In Tunisia we use both frequently. There is (now I'm thinking of it) a small difference in usage however. شطح is much more used it seems to me when dealing with Tunisian folkloristic music (mezoued); or sha3biyya music. Where we also have our typical Tunisian dance. This is "shat7a tounsiya". 

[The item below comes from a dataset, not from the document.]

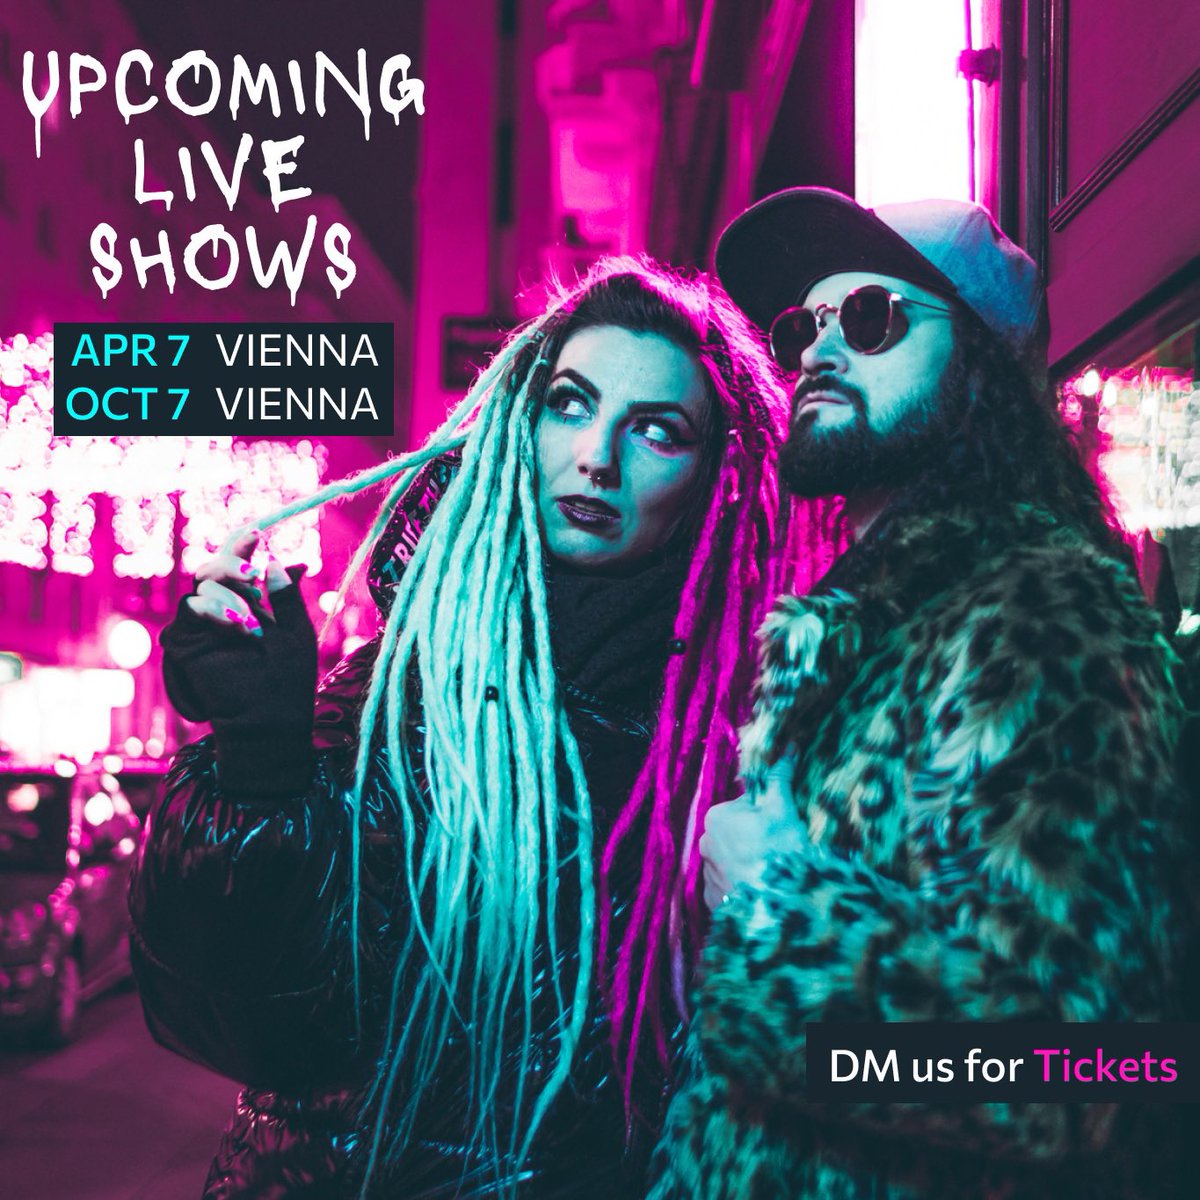 So freaking excited to play live again! 💖🖤 Comment below if you want Tickets! 
#livemusic #rockconcert #vienna

But when we talk about dance in general or related to "sharqi music" (eastern Arabic music) such as Egyptian/Lebanese etc we would use رقص. It is used as a more much general term covering non-Tunisian dances on non-Tunisian music.


----------



## Hemza

Zoghbi said:


> Libyan arabic: _yurguṣ_(wiki)
> Hassani arabic :_yerges_(_Catherine Taine-Cheikh_ p14)
> Wahrani arabic :_rges_(Jairo Guerrerop 231)
> Nayli arabic:_ragsa_(youtube)
> 
> Soufi (Oued Souf) and Southern tunisian should definitely share this verb instead I don't have any source to link.
> 
> 
> 
> As you see actually most of bedouin influenced dialects in Maghreb retain the رقص root, the pan-maghreb use of a term is not necessarily linked with the hilalian migration, and for what i've read it's rather the oposite that we find (ex:البارح pan-maghreb, but some areas with a great bedouin influence do use امس or اليامس)



I should have erased the "all" from my sentence . I know that in Mauritania they use رقص but I thought شطح was also used. As for اليامس, this term was frequent in Morocco (even in urban areas) but it disappeared to the benefit of البارح while in the South and in Mauritania, it's still prevalent.


----------